:: RECORDED INFORMATION ::

'''

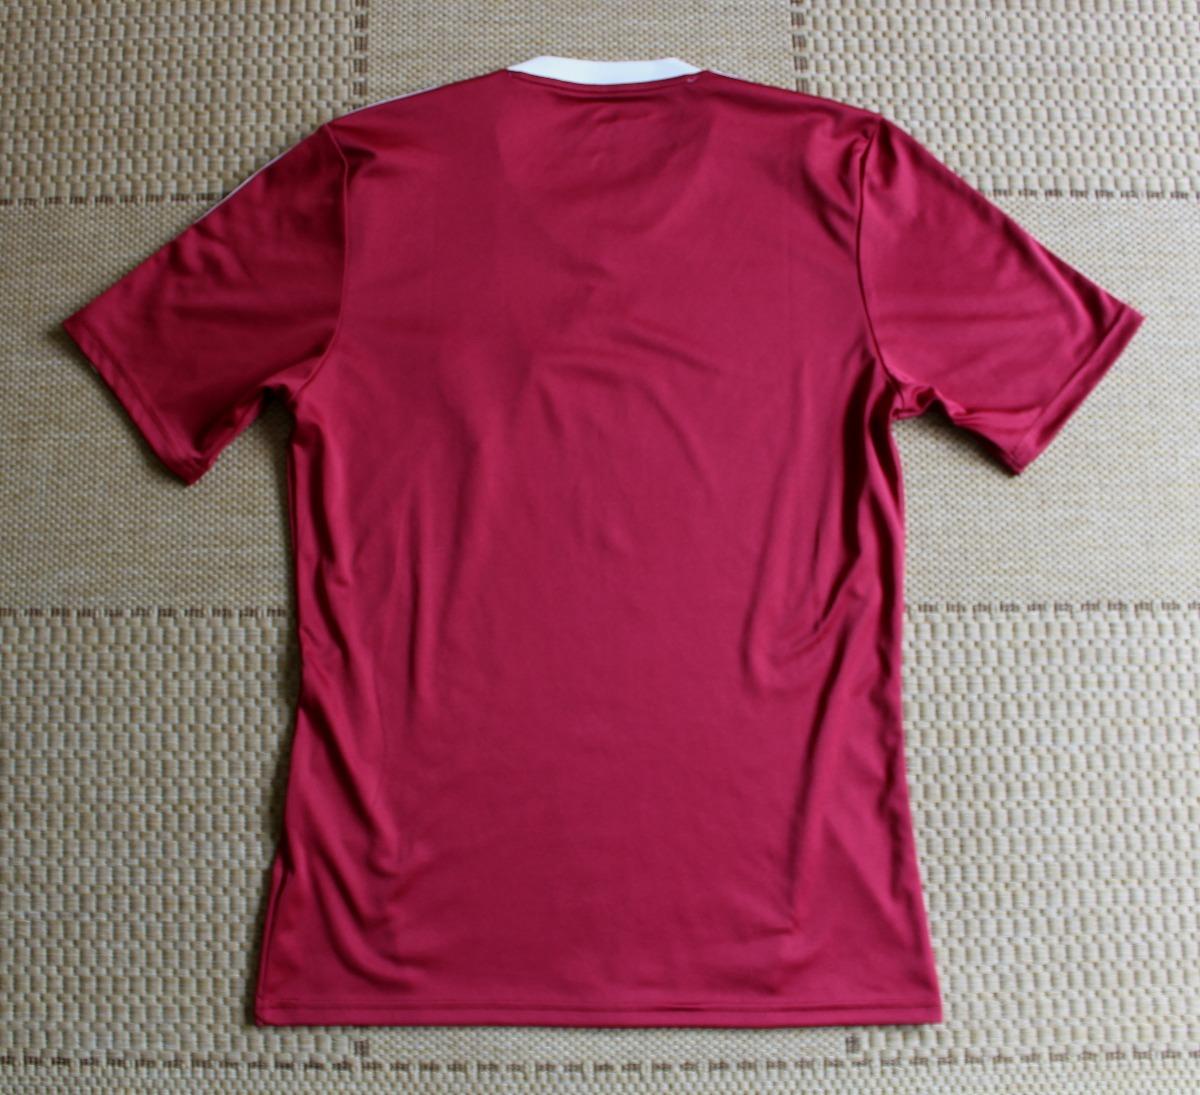 camisa original fluminense 2013 home torcedor climalite. Carregando zoom. 90715e6fdb82f
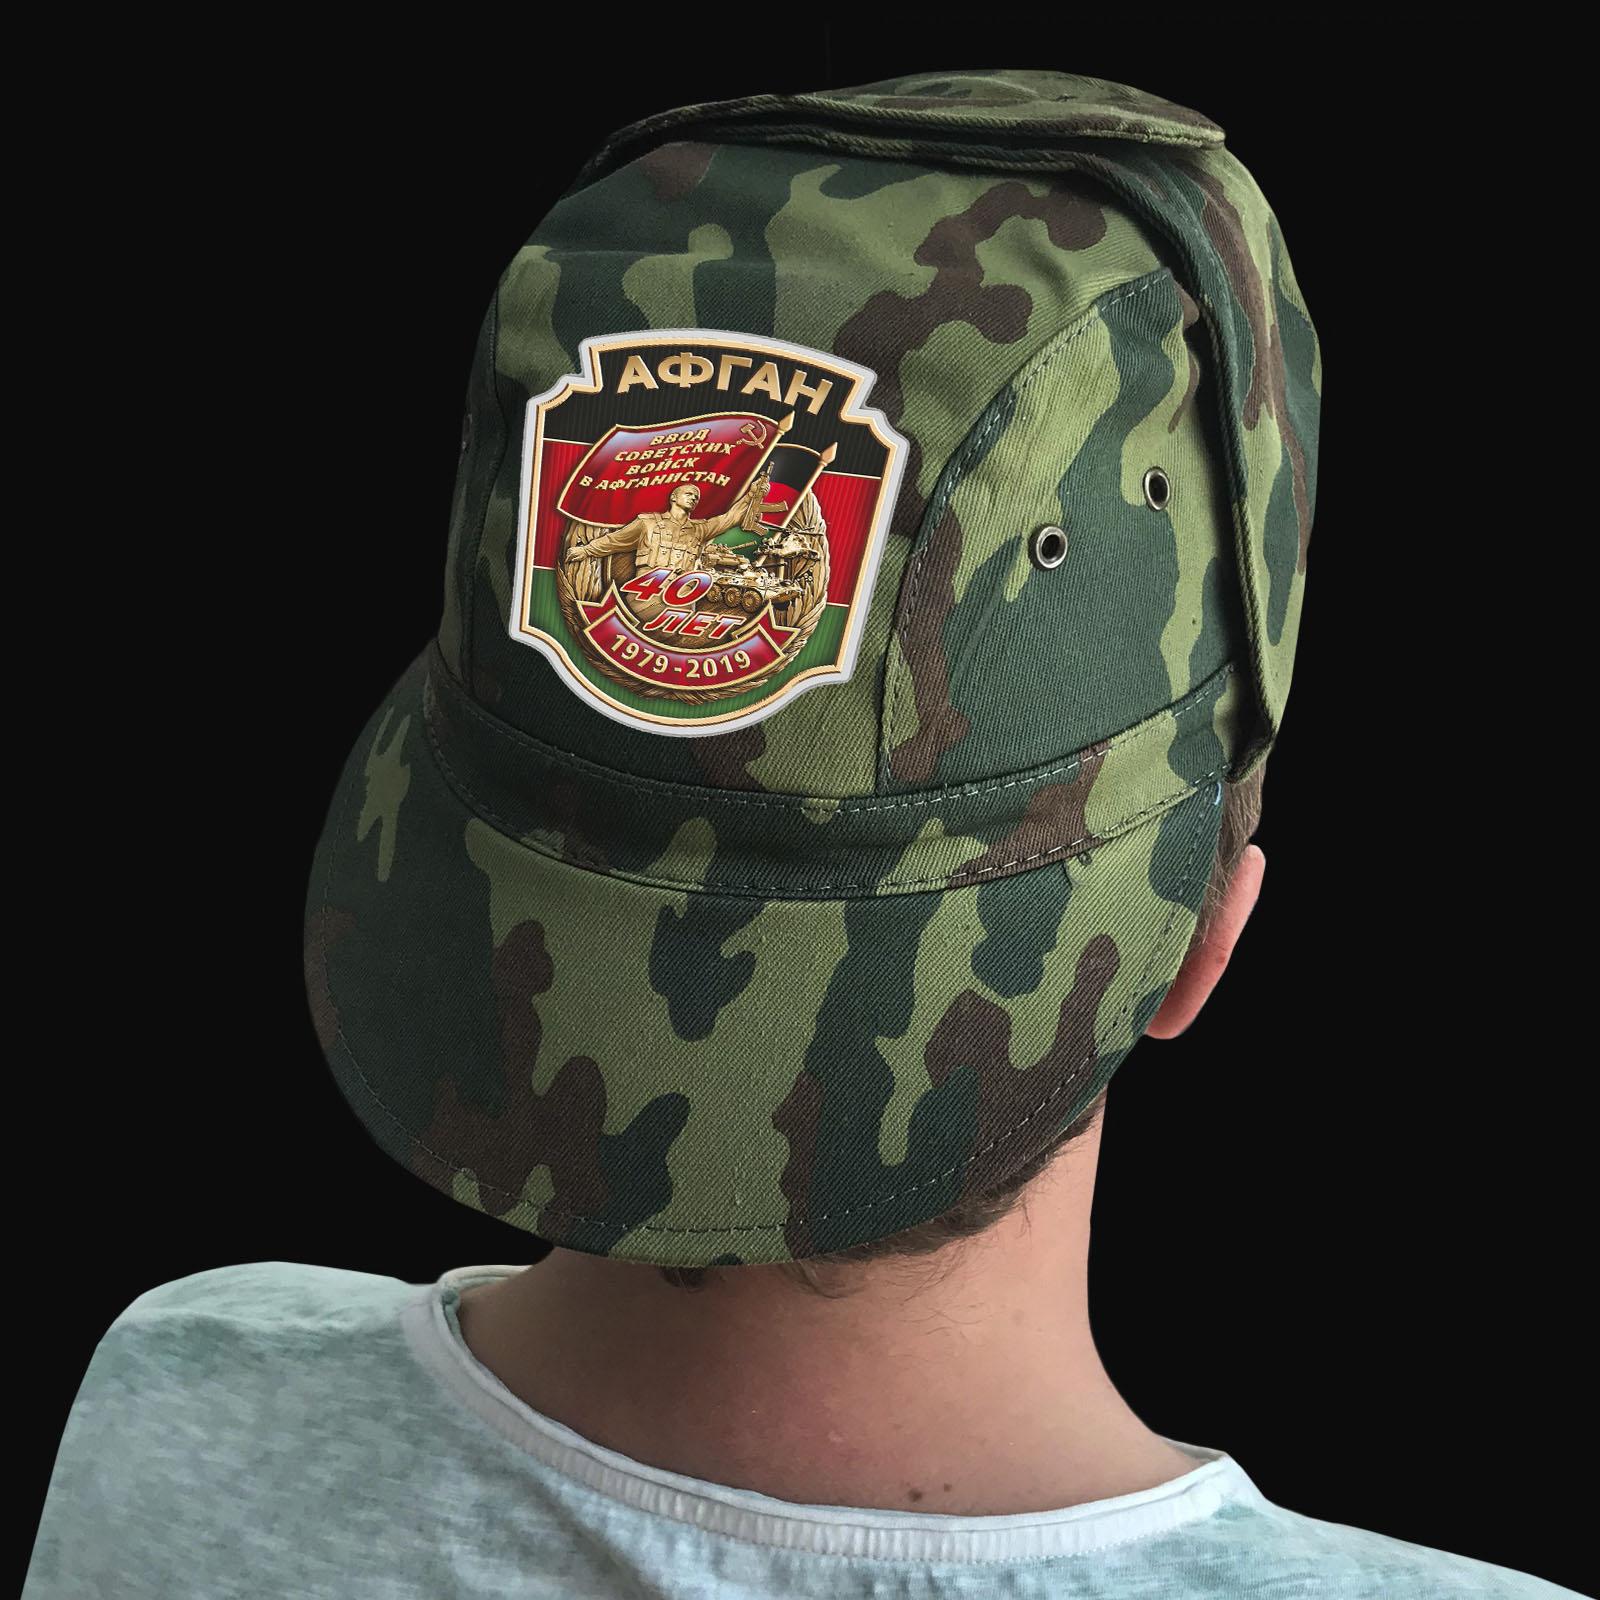 Купить защитную милитари-кепку с термонаклейкой Афган выгодно онлайн
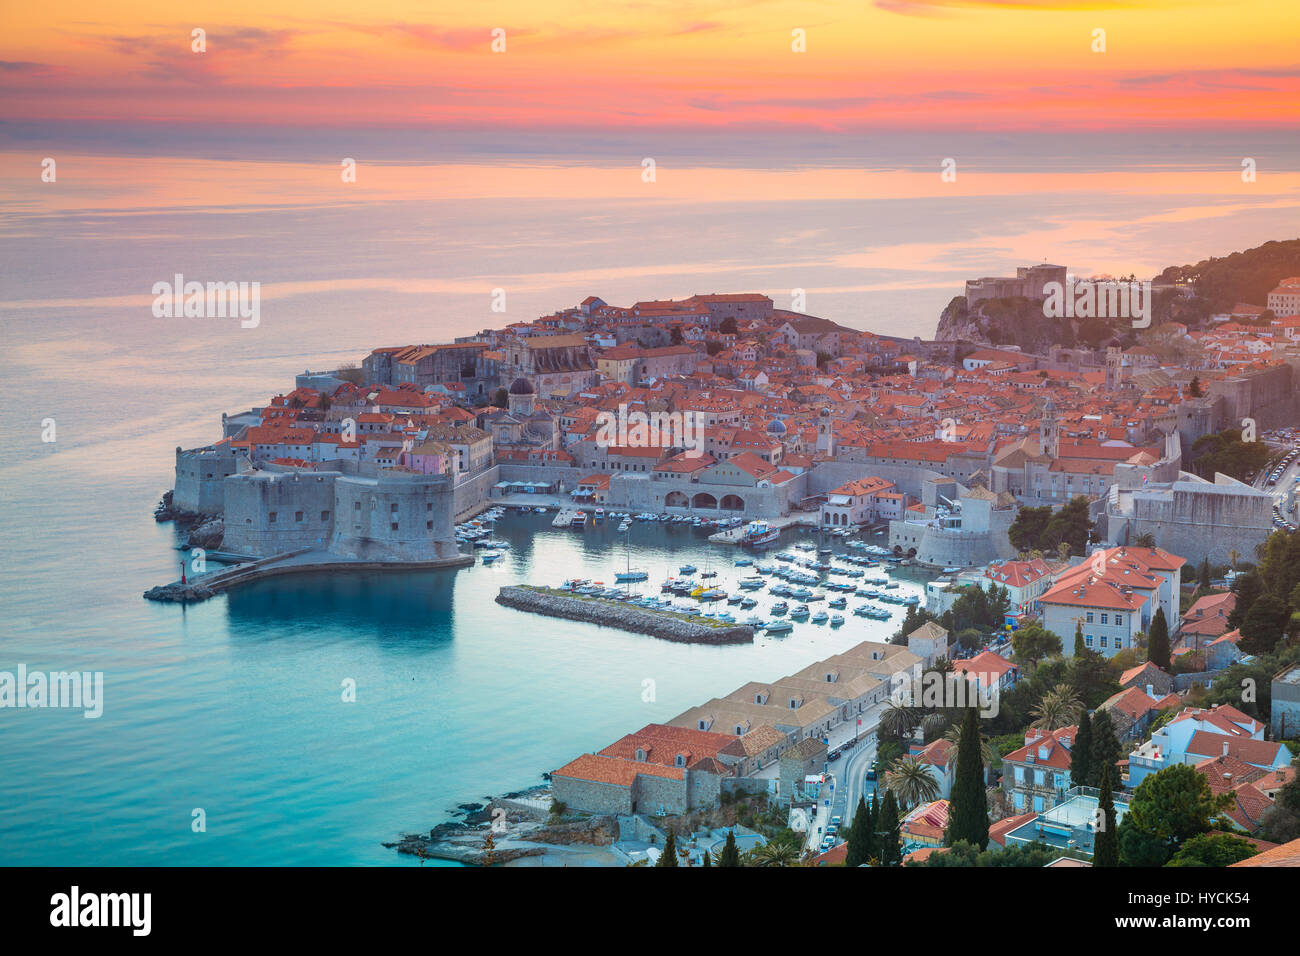 Dubrovnik, Kroatien. Schöne romantische Altstadt von Dubrovnik während des Sonnenuntergangs. Stockbild
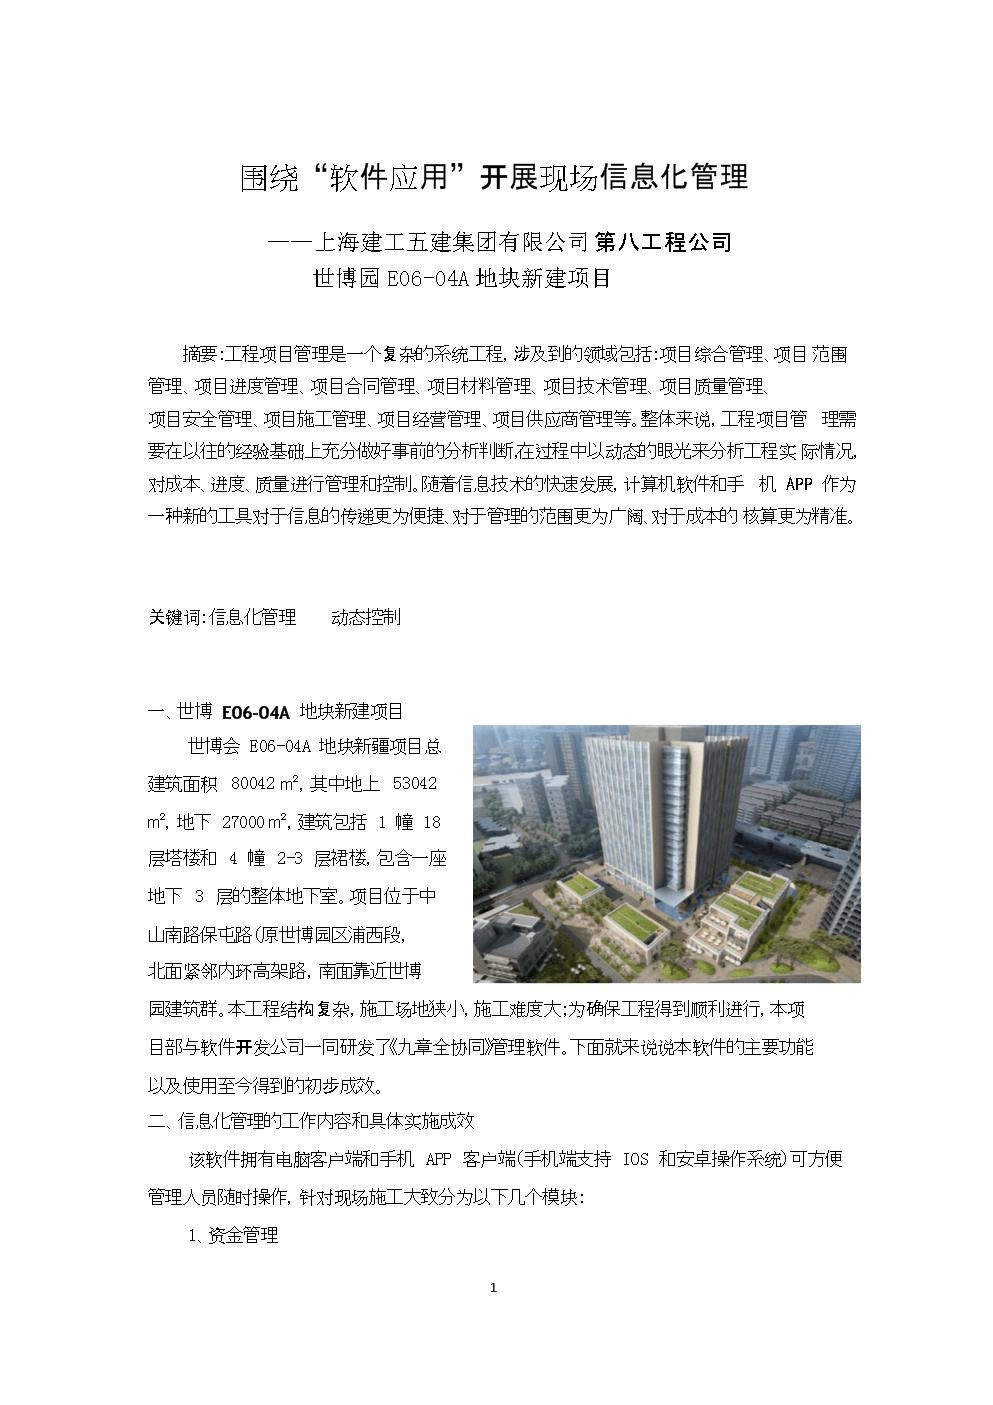 """上海世博园E06-04A地块新建项目——围绕""""软件应用""""开展现场信息化管理  .docx"""

'''

:: ABOUT THIS EXERCISE ::
Could the data above be copied out exactly, with no pictures kept?

:: TASK ANSWER ::
 camisa original fluminense 2013 home torcedor climalite. Carregando zoom. 90715e6fdb82f
 Купить защитную милитари-кепку с термонаклейкой Афган выгодно онлайн
 Dubrovnik, Kroatien. Schöne romantische Altstadt von Dubrovnik während des Sonnenuntergangs. Stockbild
 """上海世博园E06-04A地块新建项目——围绕""""软件应用""""开展现场信息化管理  .docx"""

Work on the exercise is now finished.